** Information supplied follows **

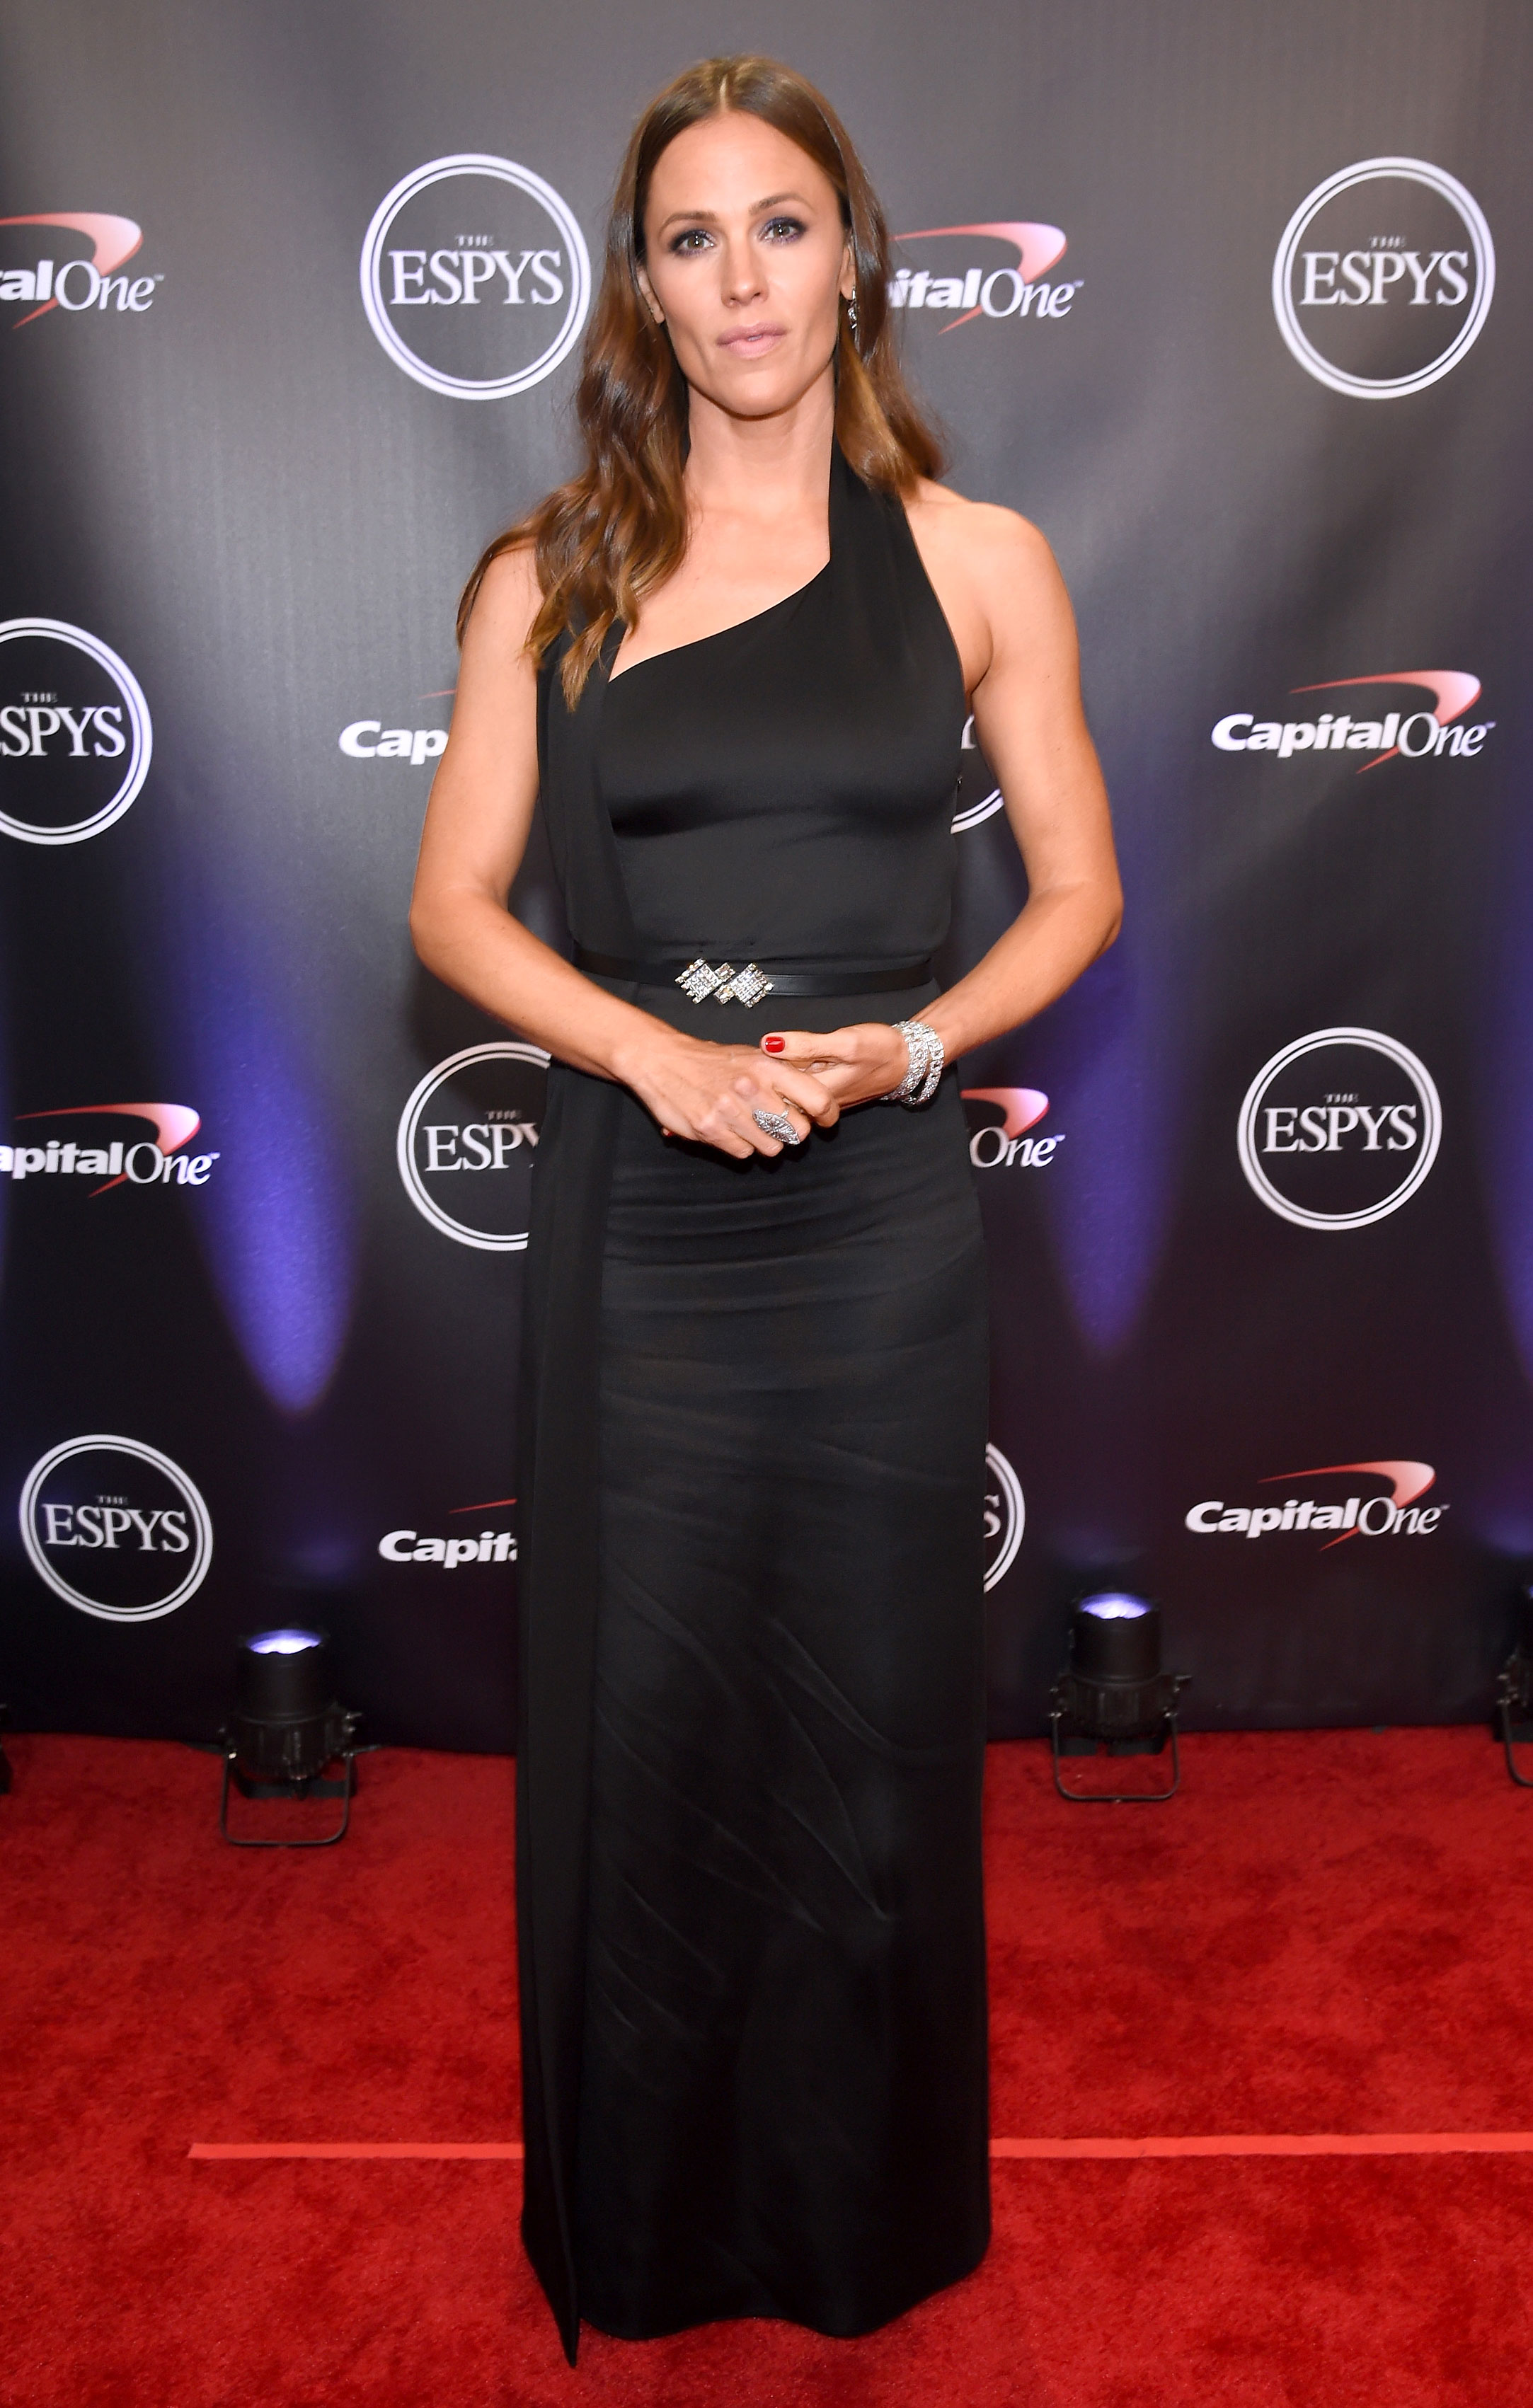 Jennifer-Garner-espys - Wearing an asymmetrical black Lanvin gown.
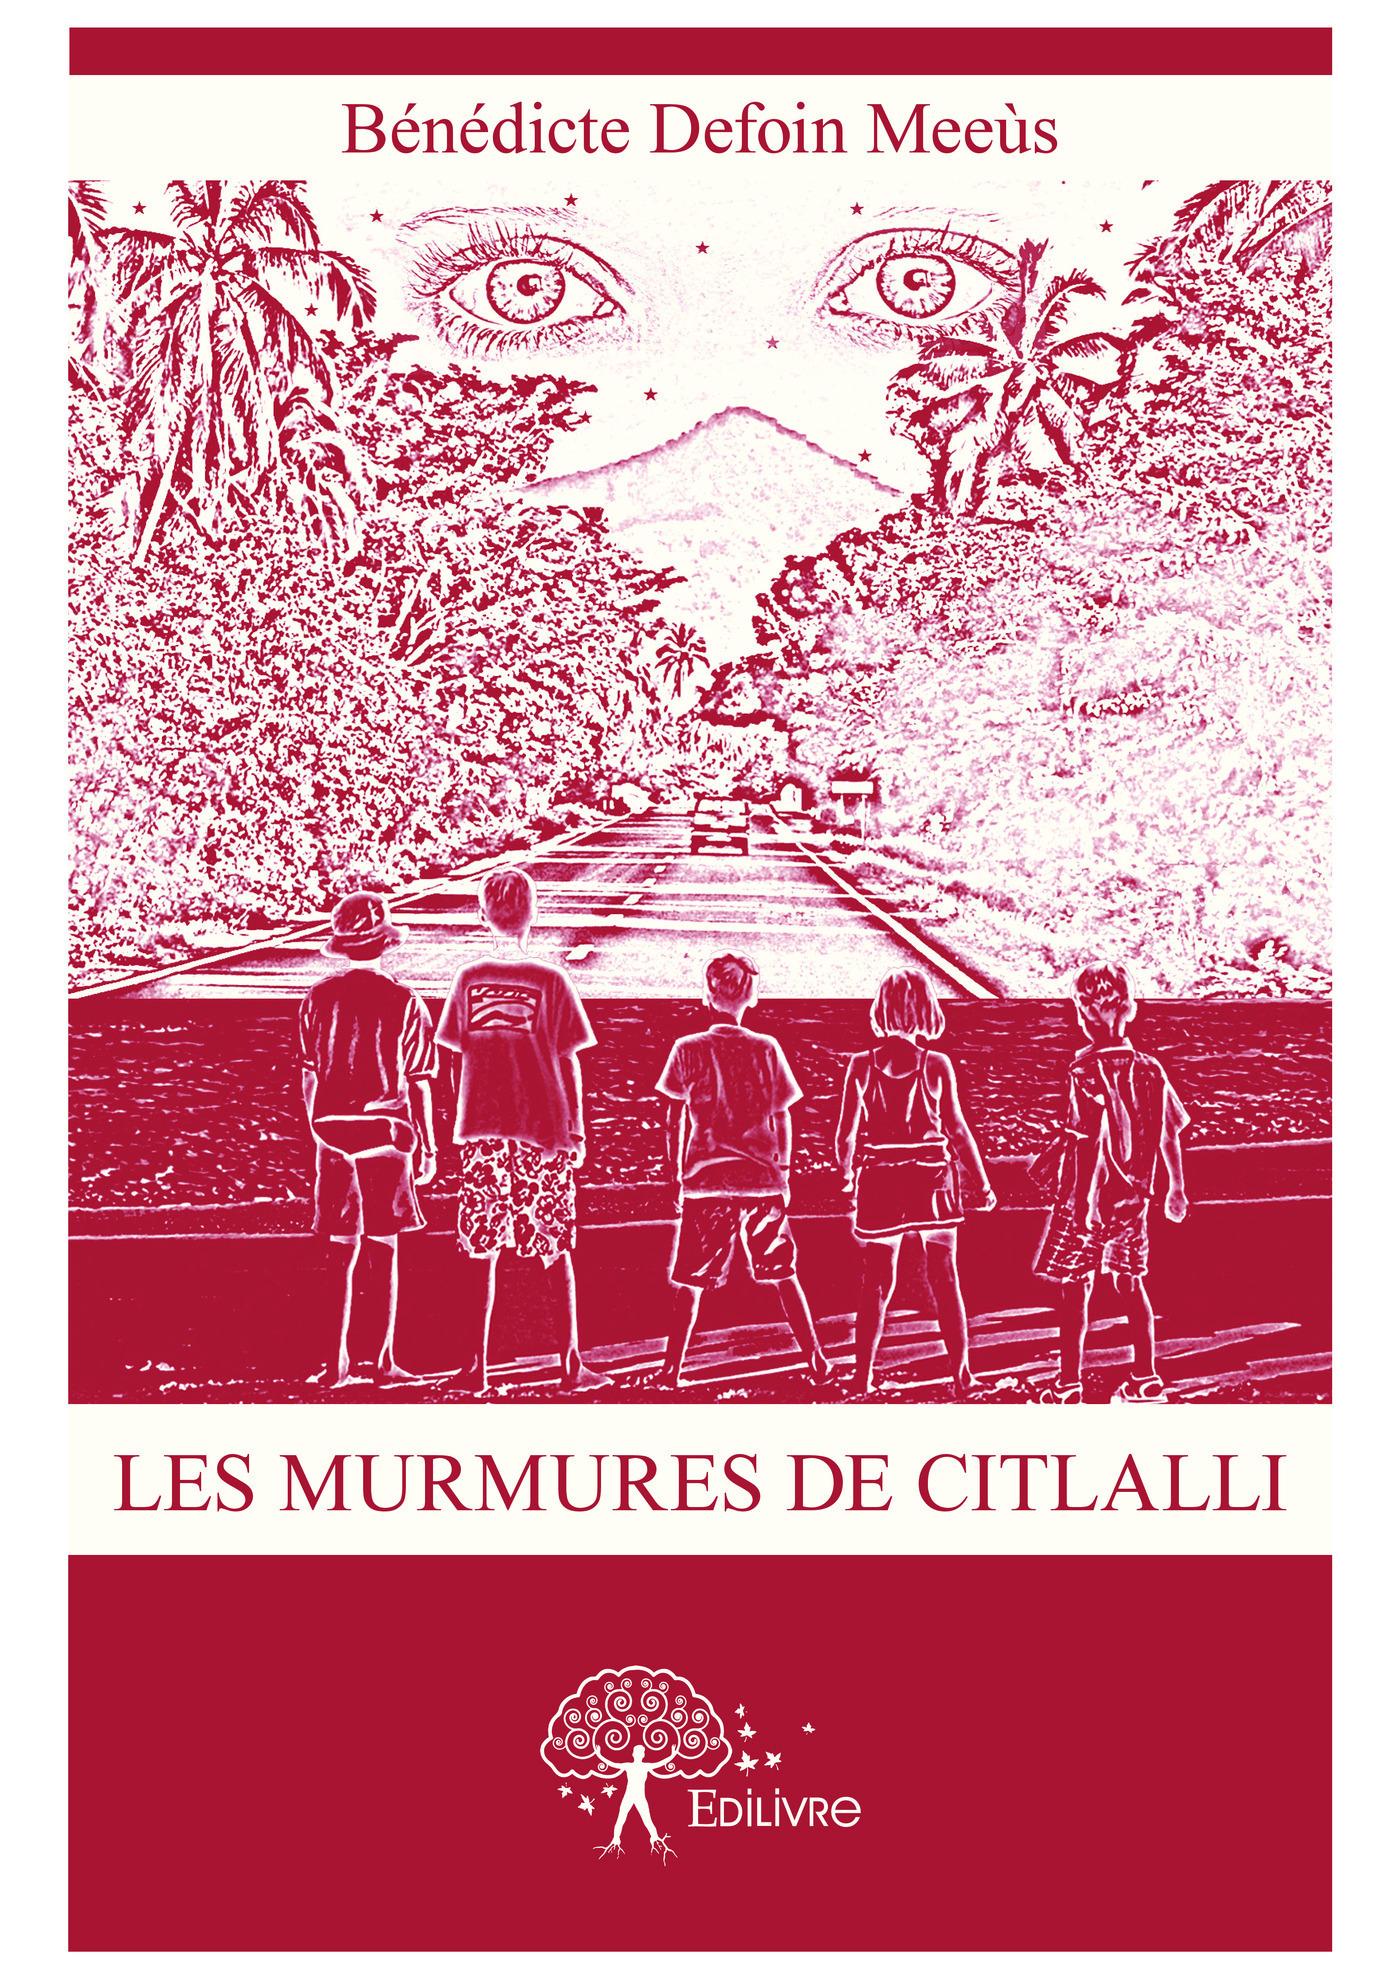 Les murmures de Citlalli  - Bénédicte Defoin Meeùs
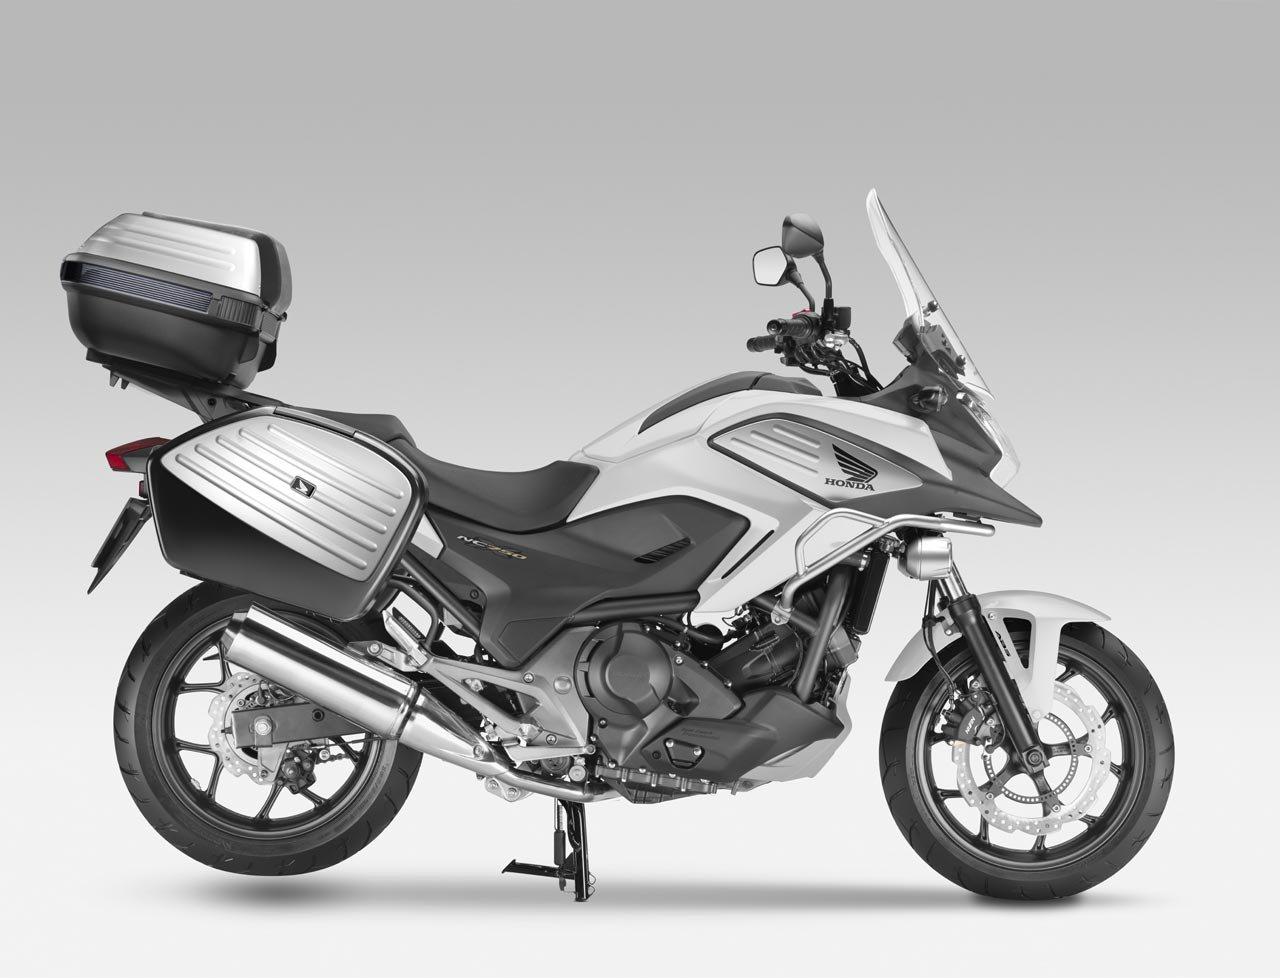 Listino Honda CB 650 F Naked Media - image 13506_1 on http://moto.motori.net

** End of Information supplied **

- **Exercise directions**:
Return the material from above in full, exactly as written, with the pictures omitted.

- **Result for this task**:
 Jennifer-Garner-espys - Wearing an asymmetrical black Lanvin gown.
 Les murmures de Citlalli  - Bénédicte Defoin Meeùs
 Listino Honda CB 650 F Naked Media - image 13506_1 on http://moto.motori.net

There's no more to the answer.